On 31 March 1982 Nelson Mandela was transferred to Pollsmoor Prison in Cape Town with Sisulu, Mhlaba and Mlangeni. Kathrada joined them in October. When he returned to the prison in November 1985 after prostate surgery Nelson Mandela was held alone. Justice Minister Kobie Coetsee visited him in hospital. Later Nelson Mandela initiated talks about an ultimate meeting between the apartheid government and the ANC.

Release from prison On 12 August 1988 he was taken to hospital where he was diagnosed with tuberculosis. After more than three months in two hospitals he was transferred on 7 December 1988 to a house at Victor Verster Prison near Paarl where he spent his last 14 months of imprisonment. He was released from its gates on Sunday 11 February 1990, nine days after the unbanning of the ANC and the PAC and nearly four months after the release of his remaining Rivonia comrades. Throughout his imprisonment he had rejected at least three conditional offers of release. Nelson Mandela immersed himself in official talks to end white minority rule and in 1991 was elected ANC President to replace his ailing friend Oliver Tambo. In 1993 he and President FW de Klerk jointly won the Nobel Peace Prize and on 27 April 1994 he voted for the first time in his life.

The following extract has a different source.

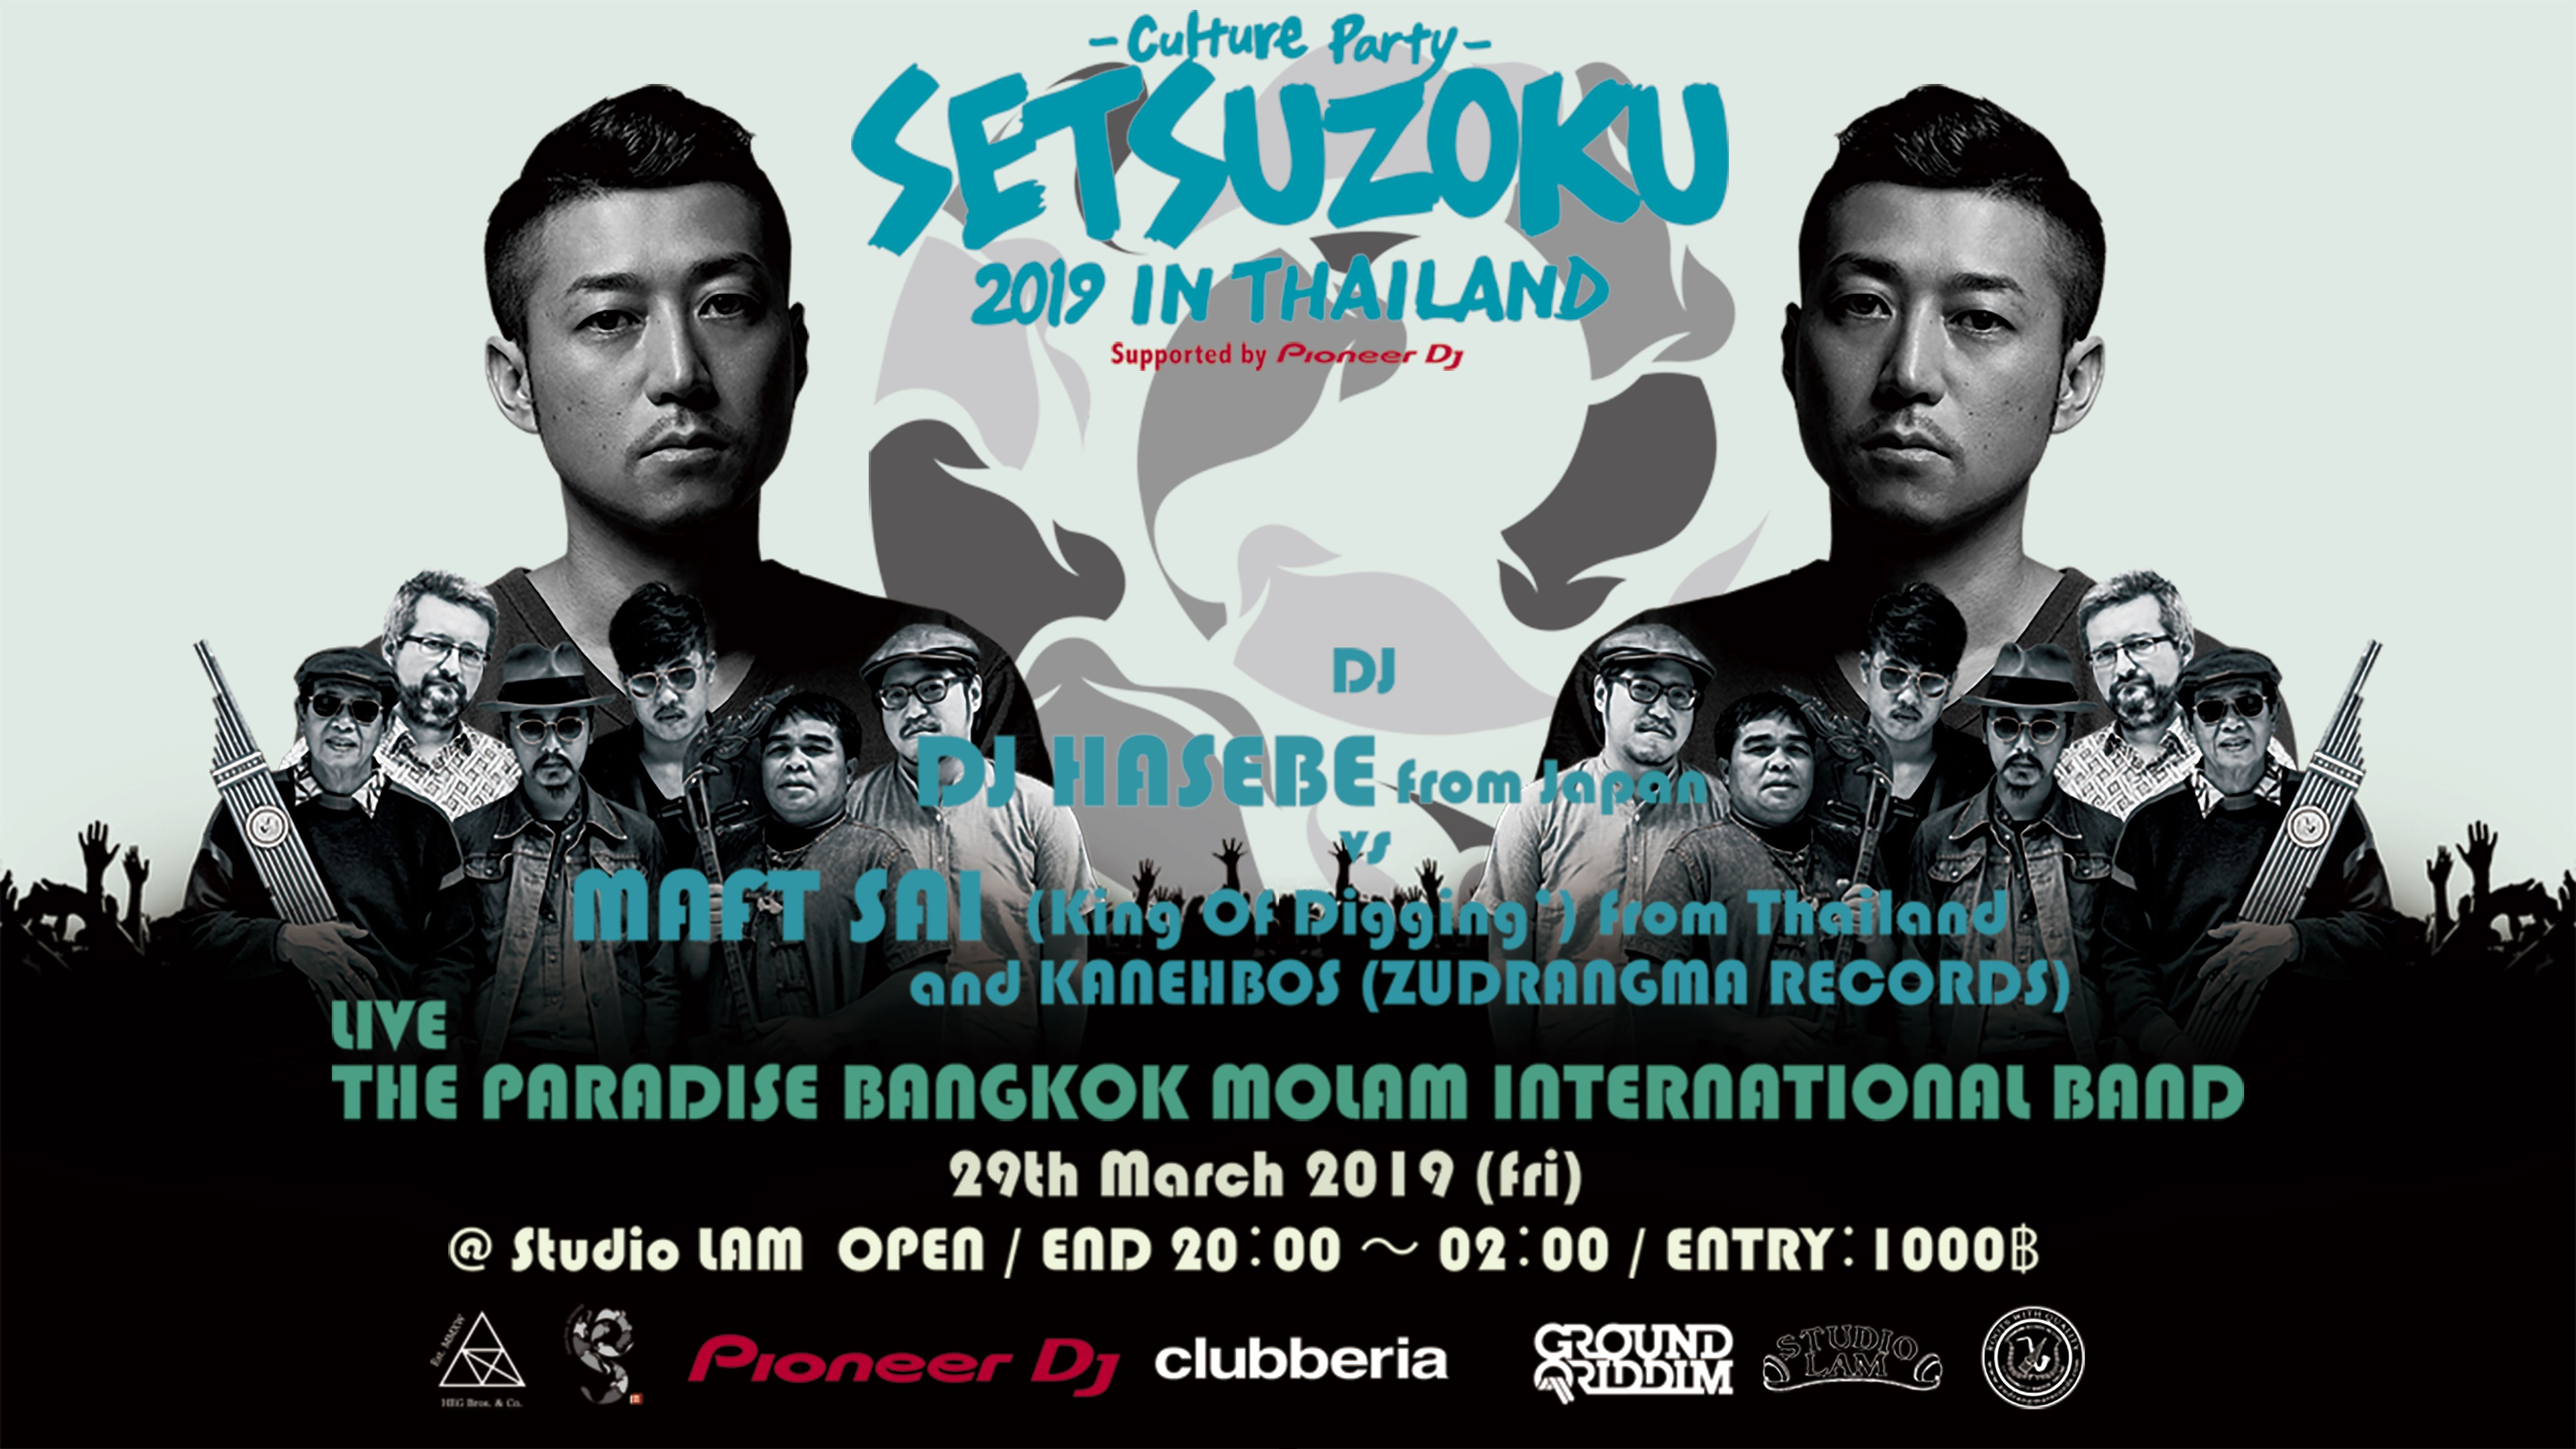 東京発のカルチャーパーティー「SETSUZOKU In Thailand」。次回はDJ HASEBEが出演。沖野修也からのコメントも到着

President On 10 May 1994 he was inaugurated South Africa’s first democratically elected President. On his 80th birthday in 1998 he married Graça Machel, his third wife. True to his promise Nelson Mandela stepped down in 1999 after one term as President. He continued to work with the Nelson Mandela Children’s Fund he set up in 1995 and established the Nelson Mandela Foundation and The Mandela Rhodes Foundation.

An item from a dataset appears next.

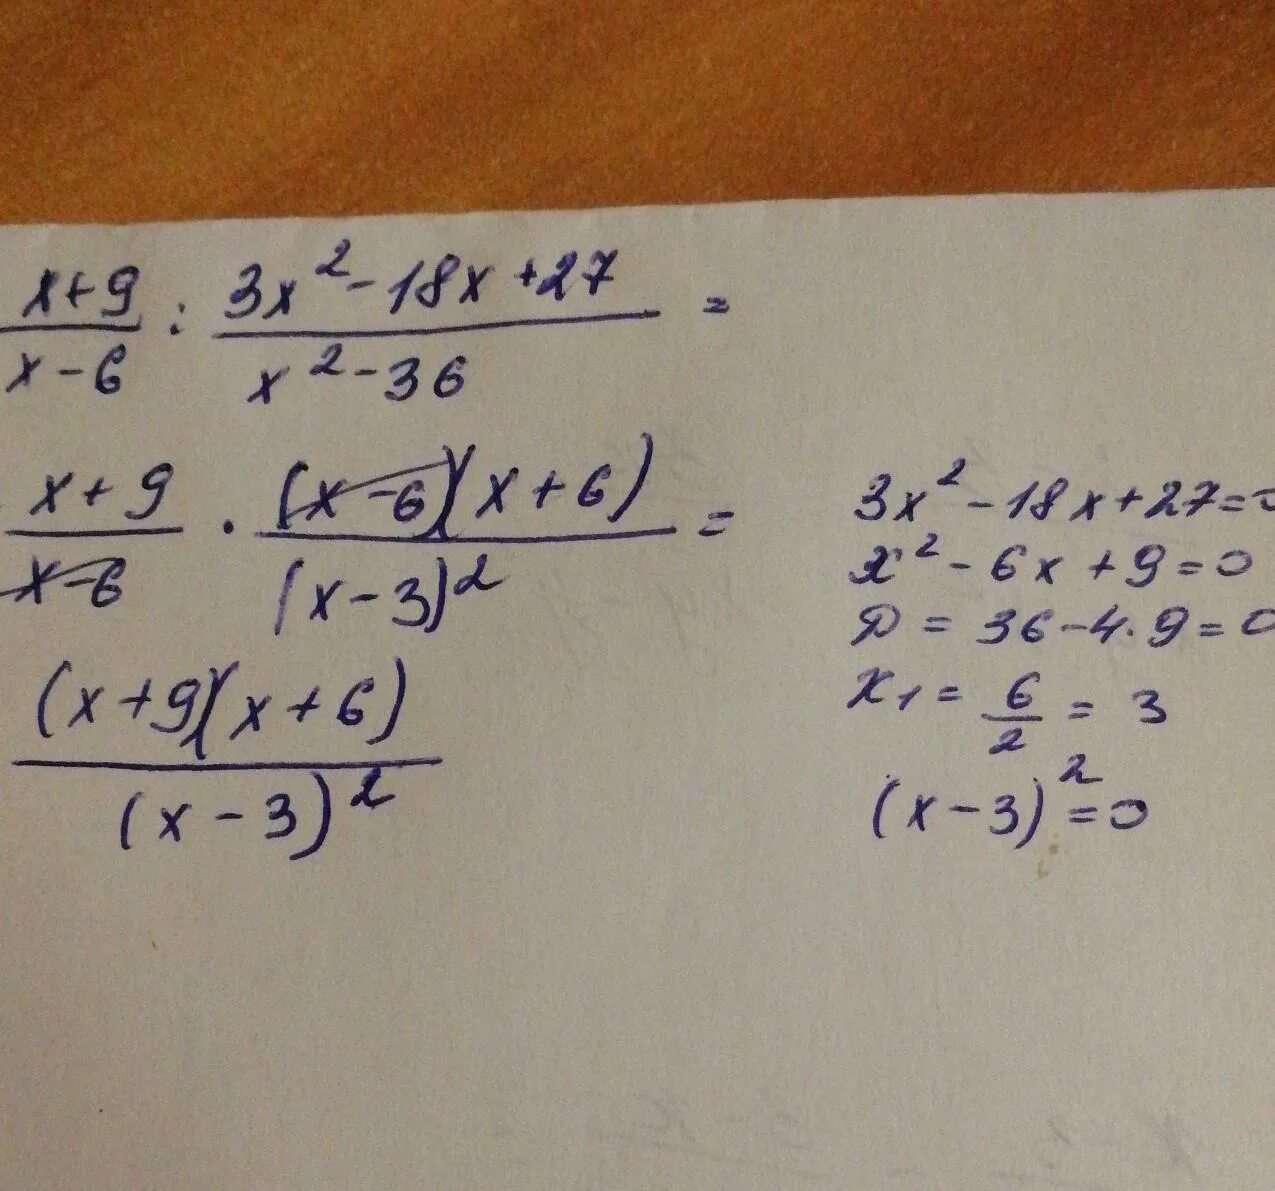 3x 6 6x 9 0. Упростить выражение x2-9/x-6 2 - 27 6x-x 2. X-9/x2-9 3/3x-x2 упростите выражение. 3/X+3+3/x2-3x+2x/9-x2 упростите выражение. X^3-9x^2+27x-27.

In April 2007 his grandson Mandla Mandela was installed as head of the Mvezo Traditional Council at a ceremony at the Mvezo Great Place. Nelson Mandela never wavered in his devotion to democracy, equality and learning. Despite terrible provocation, he never answered racism with racism. His life is an inspiration to all who are oppressed and deprived; and to all who are opposed to oppression and deprivation. He died at his home in Johannesburg on 5 December 2013.